In-Sourcing Blog

Changing the holiday script

Chestnuts roasting on an open fire
Jack Frost nipping at your nose
Yuletide carols being sung by a choir
And folks dressed up like Eskimos

Lyrics by Mel Torme

 The lyrics for the oldie that Bing Crosby or Nat King Cole crooned in those mellow baritones aren’t likely circa 2023, with politics and economics and social media polemics making Good Will a rare commodity.

I see it in my practice every December when Holiday obligations add more stress than joy to the occasion. The lament is familiar, a teary description of the family dinner that starts out with good cheer and before the turkey is carved, umbrage and agitation triggered by some innocuous reference or inadvertent remark.

Insults fly as Sis opens fire
Uncle Jack nipping at the brandy flask
Same old grievances from years prior
Dad and Mom taking me to task

Lyrics by my husband having a laugh

 Fortunately, you can dissolve that awkward dinner situation, and turn a halfhearted visit into an openhearted good time… if you approach your visit with two strategies: lowering the bar for your expectations and raising the heights of your boundaries. In short, be realistic and be loving.

Understand going in, no matter how much healing or growth you’ve had during the year, family interaction typically – unconsciously – reverts to the roles we once played within the family dynamic, even though the person we are now has little to do with who we were then!  The person you’ve become, the person you are around your friends and co-workers, simply may not be recognized by your family.

You cannot whitewash your past childhood and the influence of the home environment. But what you can change going forward is the part you play in the continuing drama.

You have the script.  You can visualize what is going to happen and predict the scenario that usually pulls you into your part in the familiar story line. And you can change the script! You can re-write your reaction and responses to the cues.

Some dialogue to rehearse to help remind you how to stay out of the storm (half kidding, half serious). Do not talk about weight and immediately stop if you find yourself whistling the Ozempic ad jingle. Avoid all conversations citing complaints about the job. Consider any opinions about all topics remotely connected to President Biden, Donald Trump, and any and all children of Misters Biden and Trump, as IEDs seconds away from being stepped on. Conversely, criticism of the Chicago Bears, White Sox, Bulls and ownership of the Chicago Cubs are excellent conversation openers.

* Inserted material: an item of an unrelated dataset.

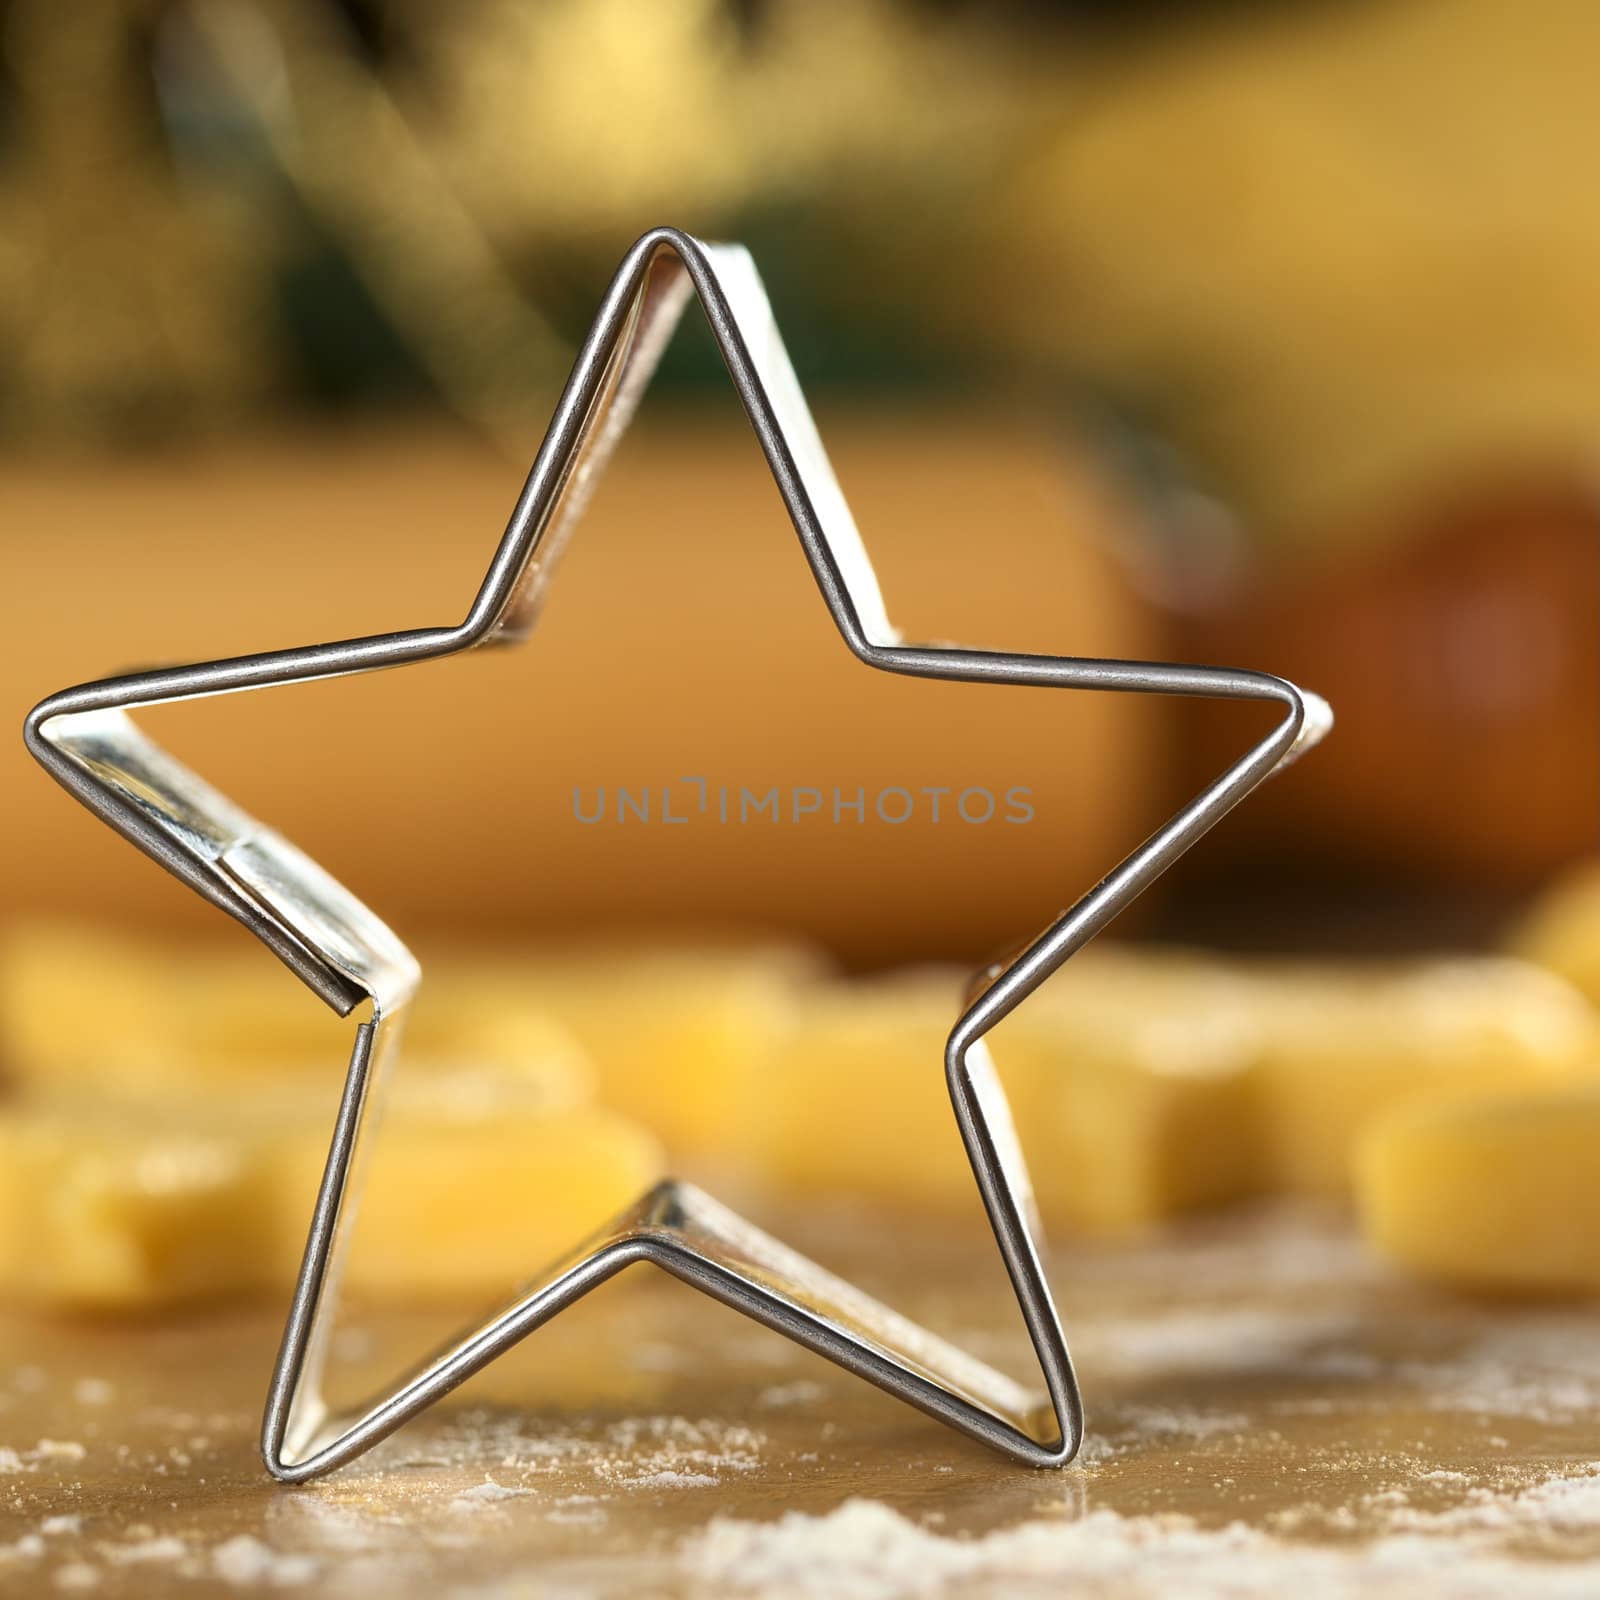 Star-shaped cookie cutter with raw cookies and rolling pin in the back (Selective Focus, Focus on the front edge of the cutter)

The point is, this is the time of the year when the stress of family dysfunction brings up the issues that we thought were resolved, and when our good intentions can get undermined. So have a game plan. Understand that when things are unresolved in a family system, there’s a habitual dance calling all parties to the floor. The trick is to think about your part in that dance before the music starts.

You can bypass the emotional triggers put in place by family dynamics decades in the making. And the holiday gathering can be everything Hallmark Cards promise. Take the lead. Surprise the family by making a toast that expresses gratitude, nourishes the spirit and acknowledges the close family ties.

If you’re really in the spirit of the holiday, help with the cleanup!